I wriggled out of a late afternoon meeting last Wednesday and jumped on the A train to catch Thalia’s very last ballet class. I knew she would be happy to see me, but I figured the joy ended there, what with her insistence that she didn’t like ballet anymore and her new affection for hiphop.
She never looked happier.
She preened in the mirror, she ran in giggly circles with a friend, she corrected herself when her grand jete took off from wiggly spaghetti legs, and not the pencil legs she was aiming for. (Her teacher is so good with the metaphors.) She was all lightness and air, butterflies and sunshine; the happy little five year-old ballerina I had always thought she was until she confessed that she wasn’t.
And the turnout. Oh lord, that turnout! First position perfection.
From the dance floor, she waved. She smiled. She gave me the thumbs up sign. She mouthed the words hiiii mooooom. And with every break in the music, she scurried over to the parents area, squeezing my legs in a quick hug before racing back to the barre. She radiated pride.
As the class ended, I took Thalia’s little orange rosebuds from her arms, helped her with her jacket, and asked why she didn’t want to take ballet anymore. After all, it seemed like she was having so much fun.
She thought about it a minute.
“Well, I like it when you’re here, Mommy.”

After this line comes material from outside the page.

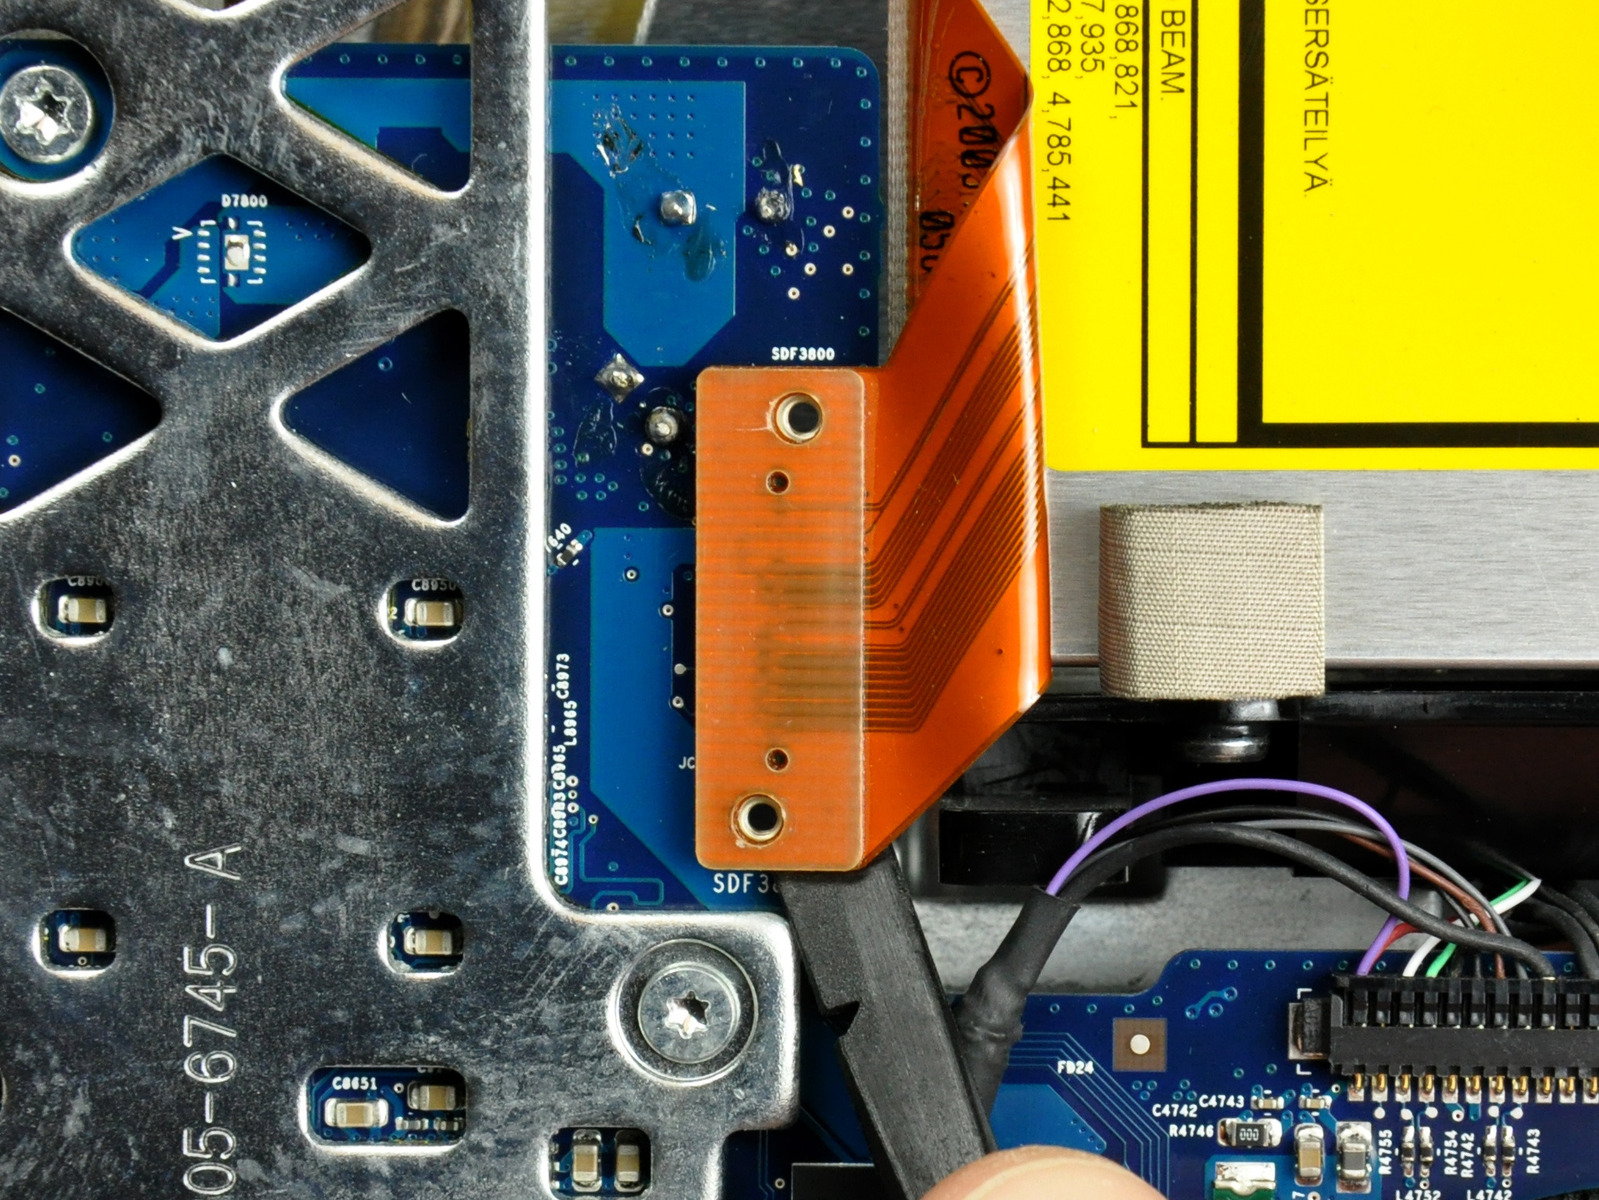 Adım 19 mantık tahtası kapalı optik sürücü şerit kablo konektörü gözetlemek için bir spudger düz ucunu kullanın. konnektörü üst veya alt gelen meraklı zaman bağlayıcı en kolay çıkarılır.

I thought I could delegate Thalia’s ballet class to her sitter as a midweek after-school activity. I thought it was enough that she was doing it at all. Once again, I misread what is special to her.
Today I will be there, the last slot available in the last beginning ballet weekend class. I will be there all the Sundays I can.
Oh lord, that turnout.
Nate thinks I pushed Thalia into it, living out my own dashed Nutcracker fantasies through her. I swear I didn’t. She pushed me into it.